In previous versions of IIS, such as IIS 5.0, IIS configuration settings are stored in binary format, making the manual editing of configuration settings almost an impossible thing. The only way you could change the configuration settings is by using the IIS Management console. But now, in IIS 6.0, the configuration file is now stored in native XML format, which you can edit with any standard text editor. Furthermore, it also provides an excellent feature named "Edit While Running," which allows administrators to change server configuration while the server continues running. For example, you can use this capability to add a new site, create virtual directories, or change the configuration of application pools and worker processes. Note that you can do all of the above even while IIS 6.0 continues to process requests without having to reboot the computer.
The metabase is a hierarchical store of configuration values used by IIS 6.0 that provides rich functionality, such as inheritance, data typing, change notification, and security. The metabase configuration for IIS 4.0 and IIS 5.0 was stored in a proprietary binary file and was not easily readable or editable. IIS 6.0 replaces the proprietary binary file, called MetaBase.bin, with a plain text XML formatted file named MetaBase.xml.

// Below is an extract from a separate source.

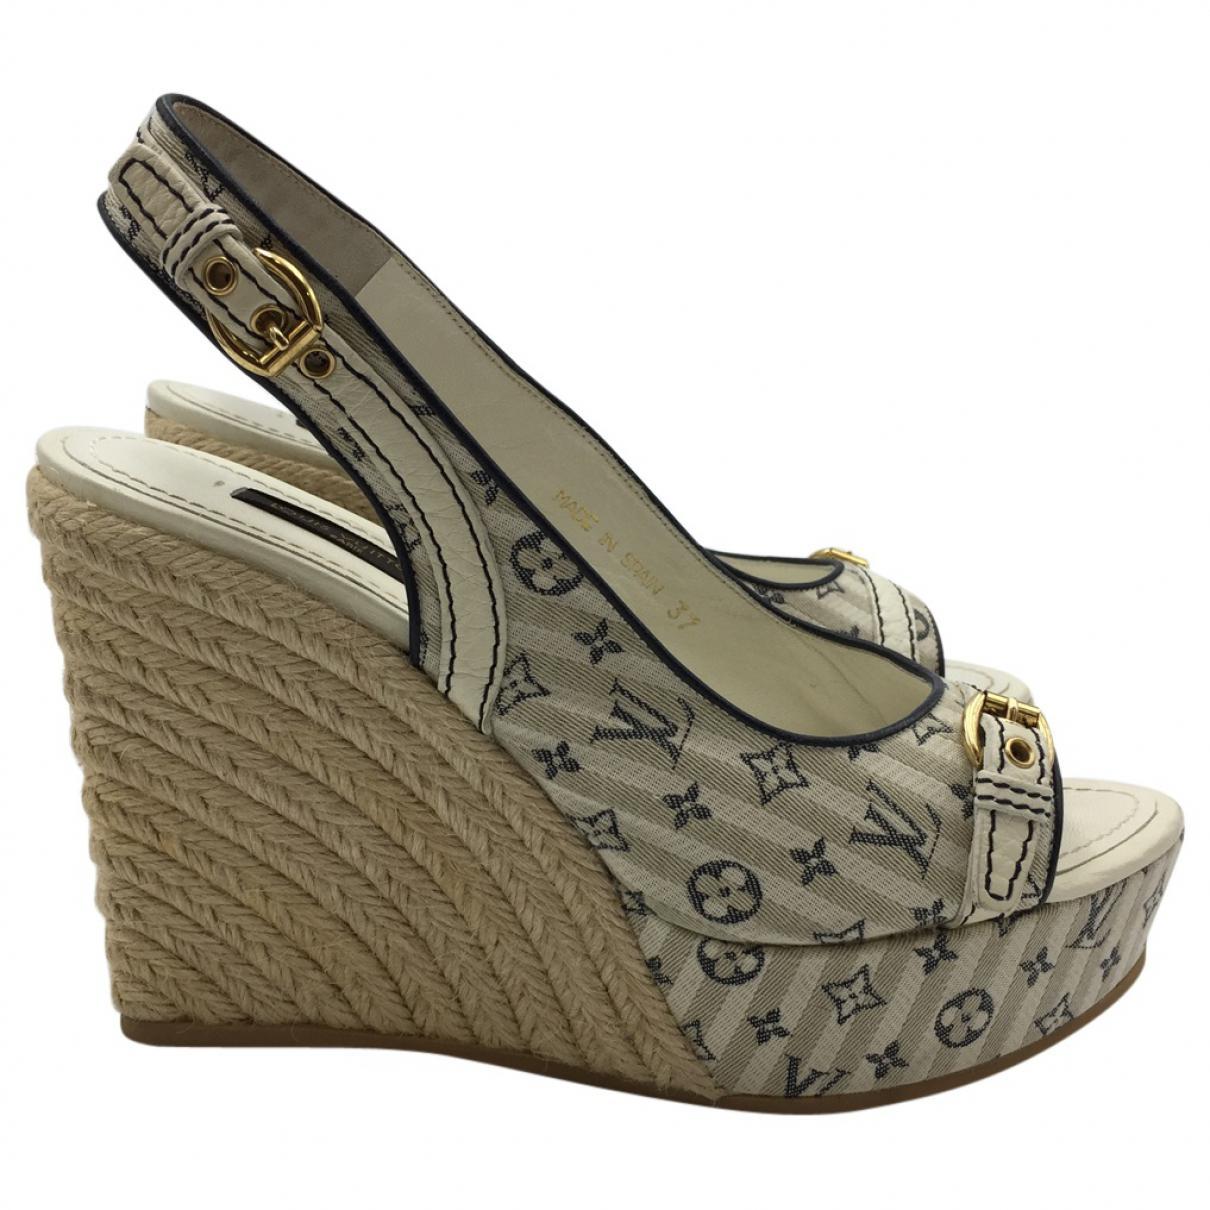 Pre-owned - Cloth sandals Louis Vuitton qW4eg6u

The new XML metabase improves server manageability by enabling the following scenarios:
- Direct metabase configuration troubleshooting and editing in a robust fashion
- Reuse of rich text tools such as windiff, version control systems, and editing tools
- Configuration rollback
- Versioned history archives containing copies of the metabase for each change
- Web site and application configuration cloning
- Server-independent backup and restore
Editing the metabase using Notepad
To be able to edit the metabase by using familiar editors such as Notepad, you need to enable direct editing of the metabase file (MetaBase.xml) by using the IIS manager. To do this, select the Computer name node from the IIS manager and right-click on it to select Properties from the context menu to bring up the following dialog box.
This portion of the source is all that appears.